◆ **Data segment**
━━━━━━━━━━━━━━━━━━━━━━━━━━━━━━
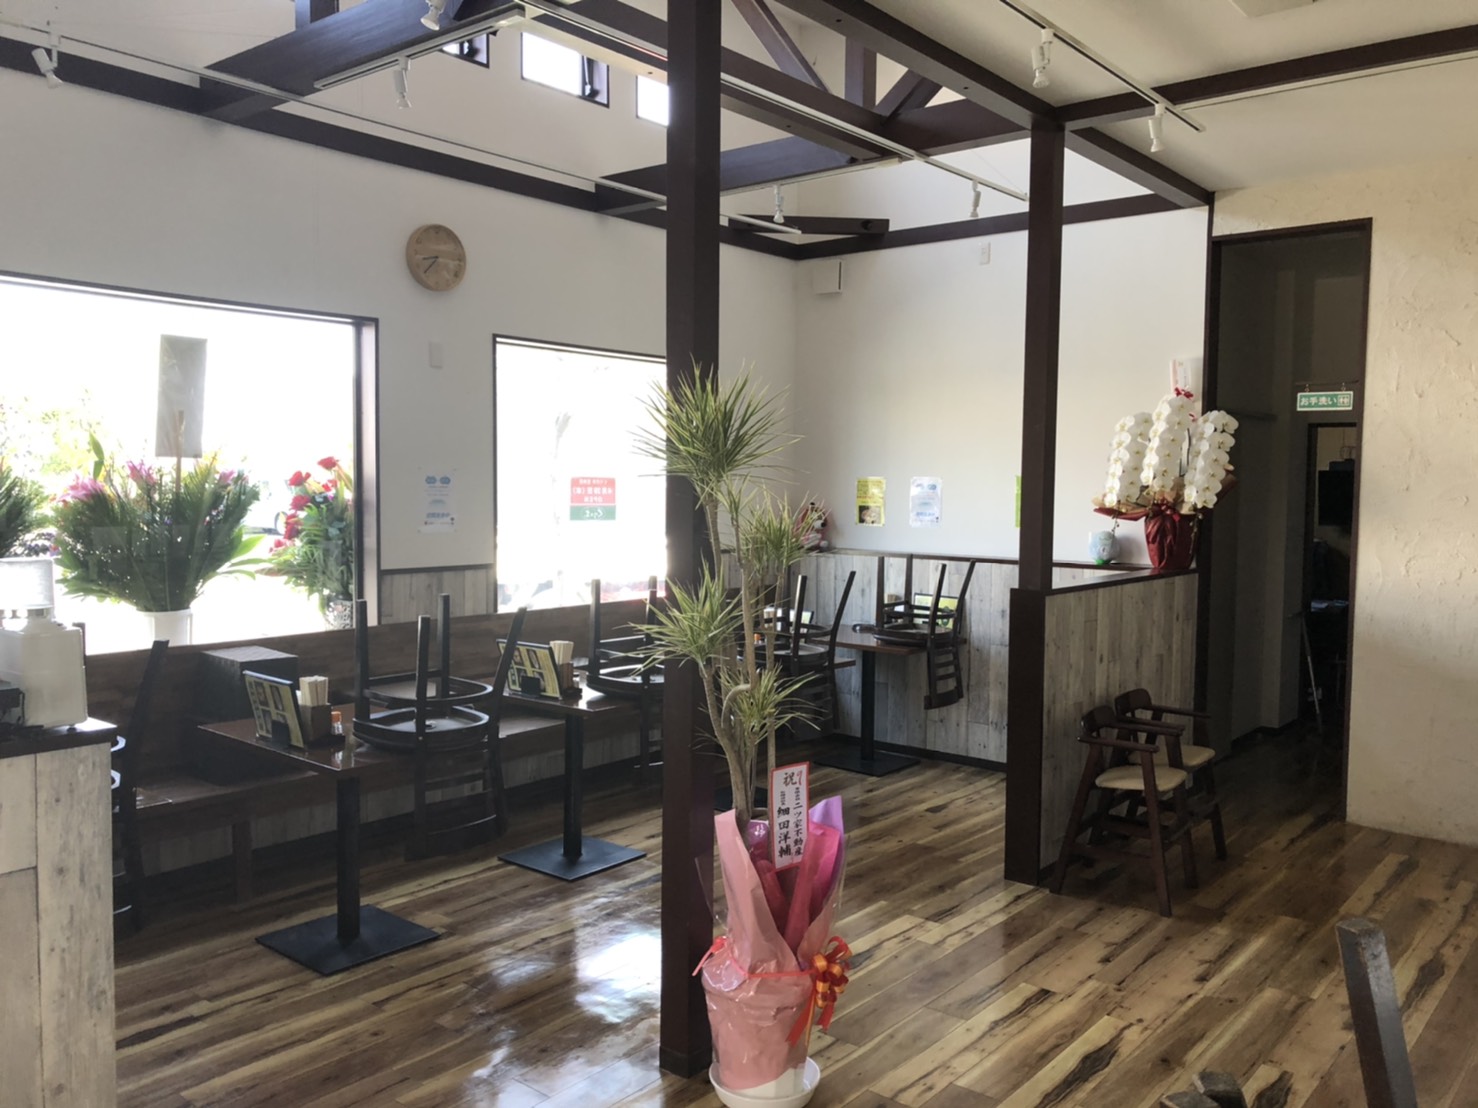 「埼玉×有名ラーメン店」店舗改装工事|木をさりげなく使い暖かい空間に
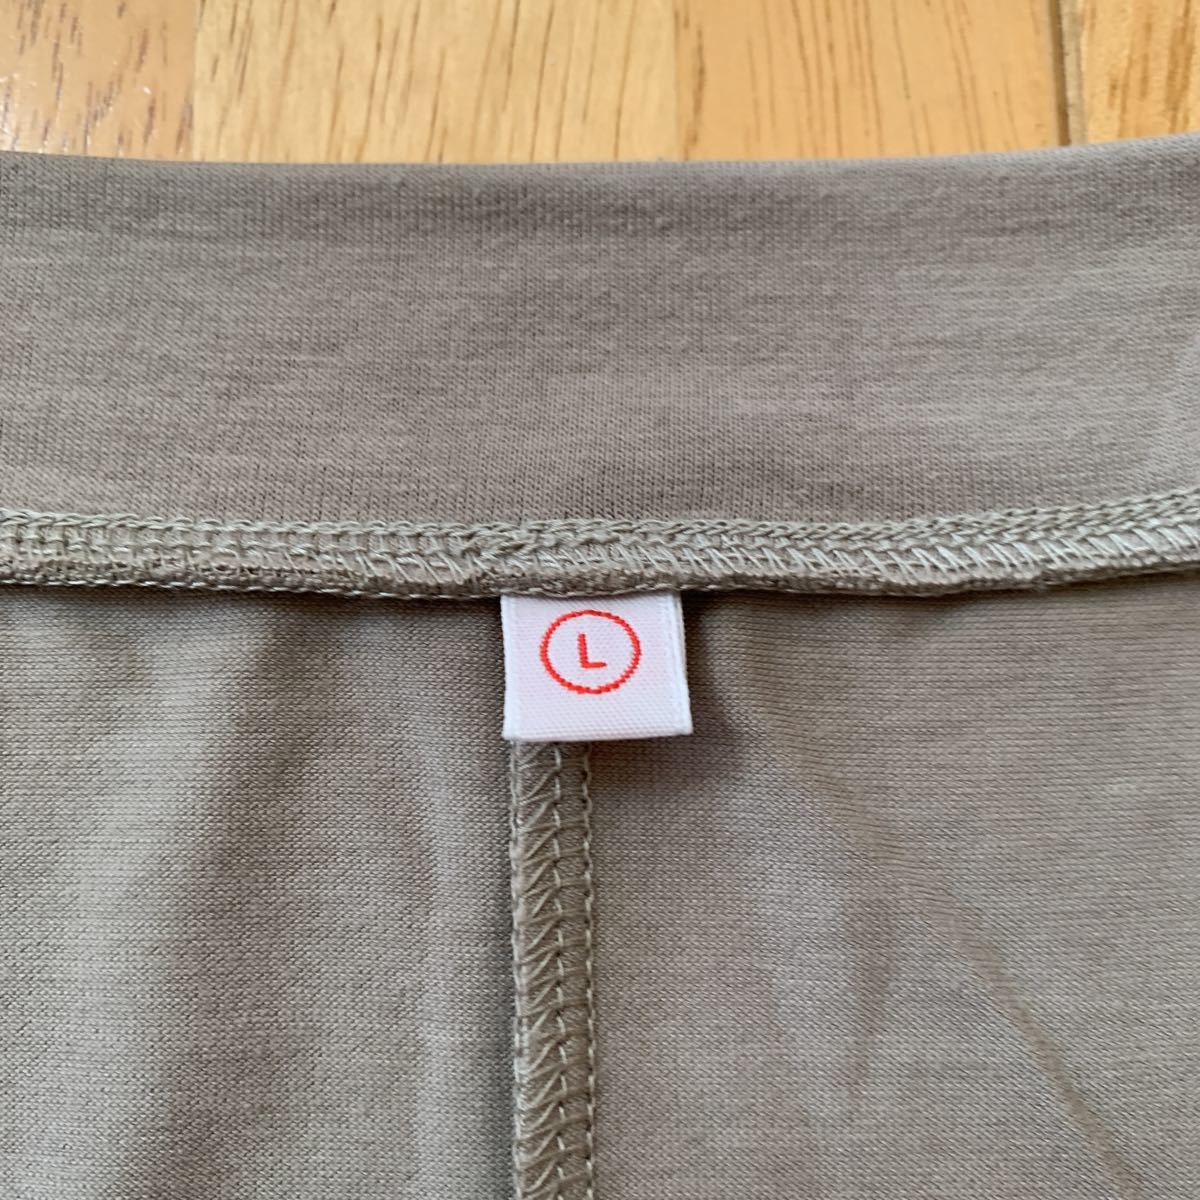 ユニクロ UNIQLO レディース トップス Tシャツ 濃いグレー WOMEN サイズ L 中古品 4.5回使用 美品 送料無料_画像4
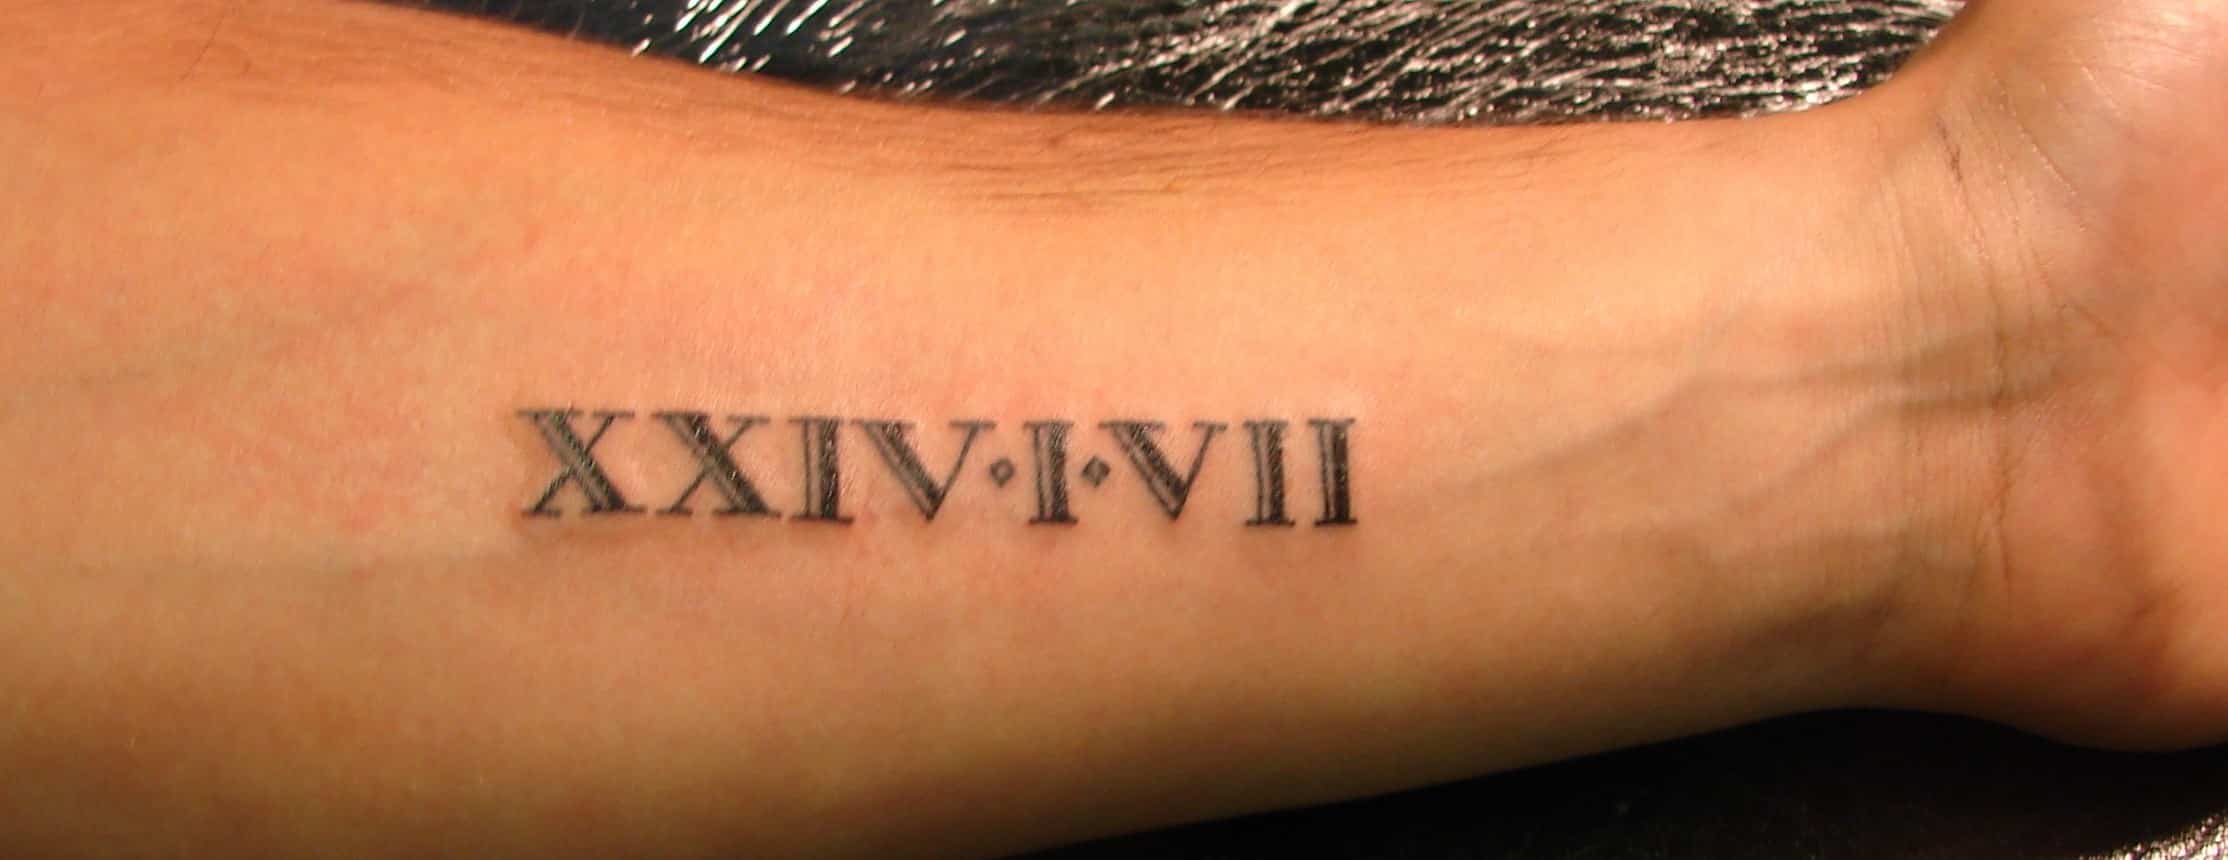 roman numerals tattoo
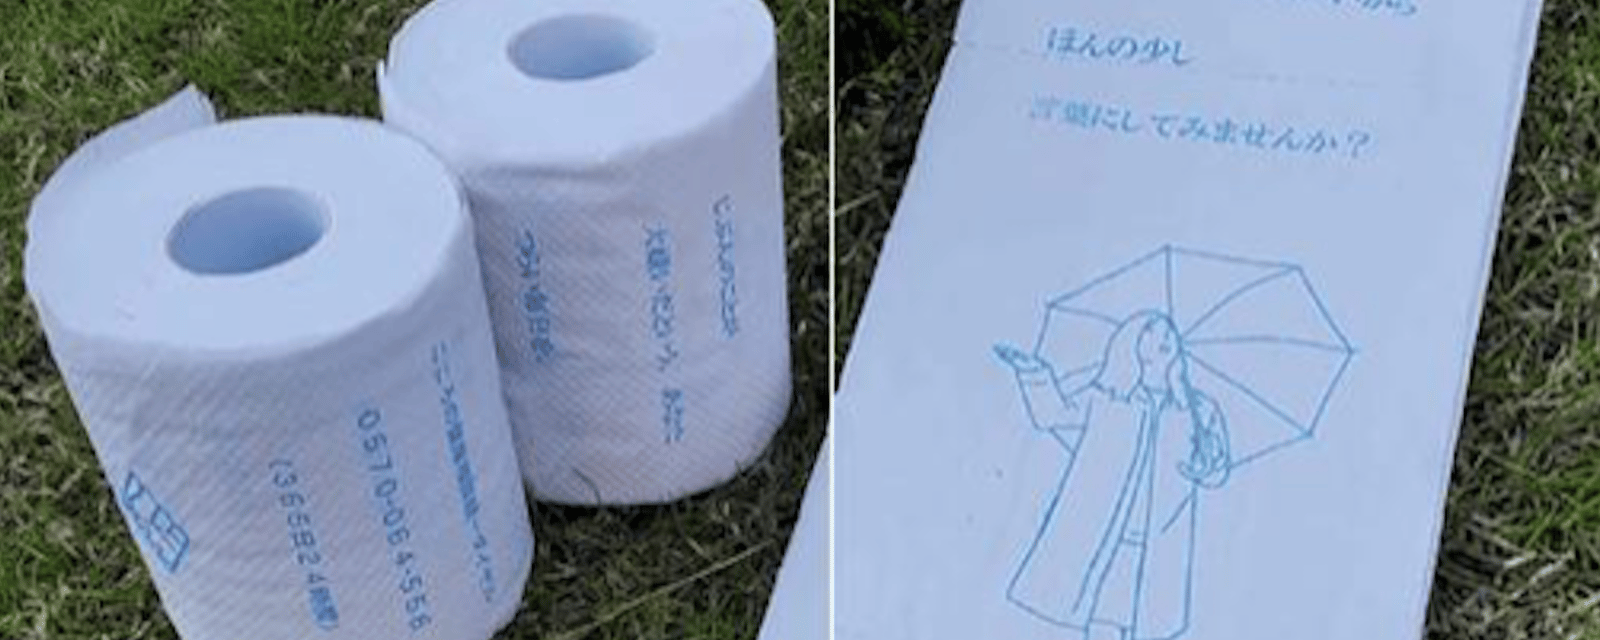 Du papier de toilette pour prévenir le suicide chez les jeunes
━━━━━━━━━━━━━━━━━━━━━━━━━━━━━━
◆ **Activity**
Restate all of the material word for word. Keep out every picture.

◆ **Completed task**
 「埼玉×有名ラーメン店」店舗改装工事|木をさりげなく使い暖かい空間に
 ユニクロ UNIQLO レディース トップス Tシャツ 濃いグレー WOMEN サイズ L 中古品 4.5回使用 美品 送料無料_画像4
 roman numerals tattoo
 Du papier de toilette pour prévenir le suicide chez les jeunes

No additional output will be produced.